Ideally, sight-reading should be learned and stay parallel with your technical playing level; often that is not the case. So you must look at and find repertoire 'less advanced' than your current level (call yourself 'beginner' on the sight-reading front, since in a way, you are

To 'practice' sight-reading is to genuinely sight-read, and at no less than half tempo of the piece as marked; both staves, both hands, going straight through, without stopping.

_*You can only sight-read any piece once!*_ _the second time over the information has already passed by / in, and some familiarity, no matter how little, is then present: ergo, *a second time over, you are no longer sight-reading.*_

Get a stack of material from the library, the Microkosmos, Schumann Album fur der Jugend, Schirmer's collected 'Beginner's Bach' and or books of short pieces designated for the earliest levels.

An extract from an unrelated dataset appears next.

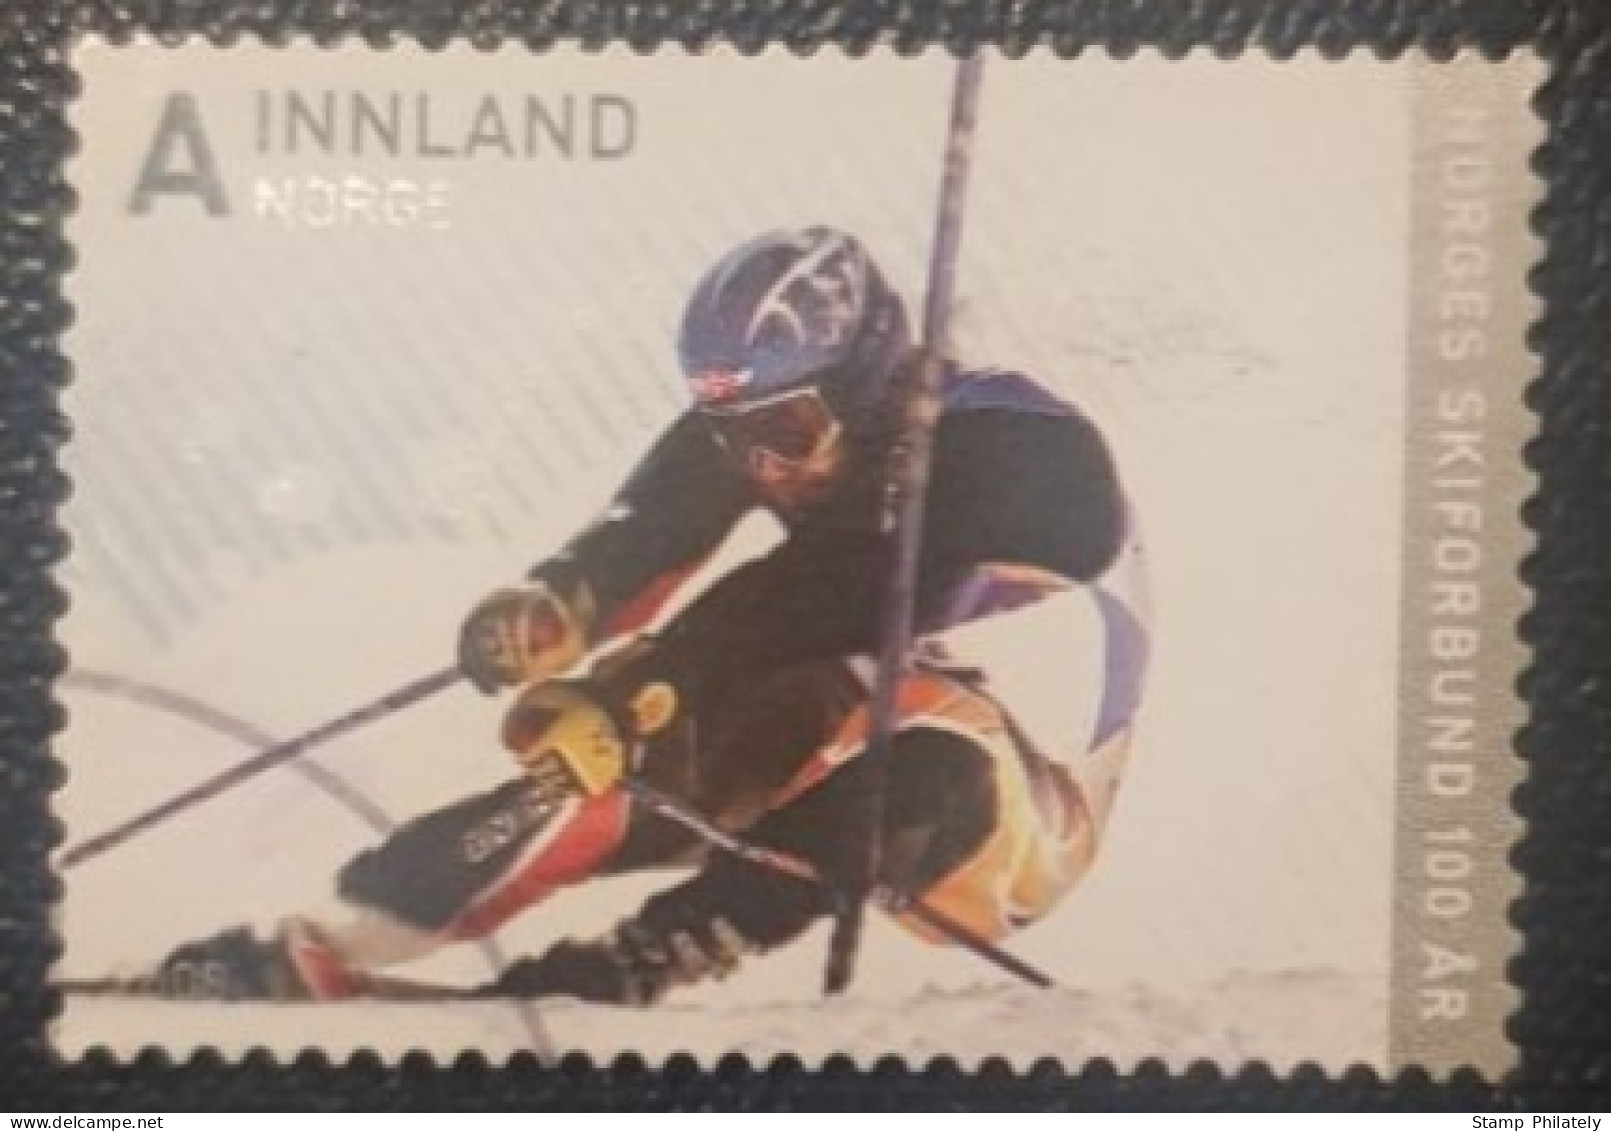 Norway Ski Federation Stamp Anniversary - Usati

Read through a piece or part of a piece, leave a bookmark, and then another piece.

Initially, you will soon be able to determine what level rep 'works' for the exercise, and how quickly you reach a sort of mental fatique where too many errors or hesitations mid process take place. That is your time limit for length of practice; you can do __'__'' in second session the same day, or the following.

Learning and practicing sight-reading is just as much a cumulative study as is learning to play. Keep to the program, eventually all elements involved with reading become stronger.


----------



## Crassus

I think one of the most important things about sight reading practice is to never insist too much on the same exercise/pieces, otherwise you end up memorizing the notes and defeat the whole purpose (which is to translate the score to music in real time).


----------



## Pugg

Crassus said:


> I think one of the most important things about sight reading practice is to never insist too much on the same exercise/pieces, otherwise you end up memorizing the notes and defeat the whole purpose (which is to translate the score to music in real time).


I do hope O.P see this wise words if ever he/ she sneaks around.


----------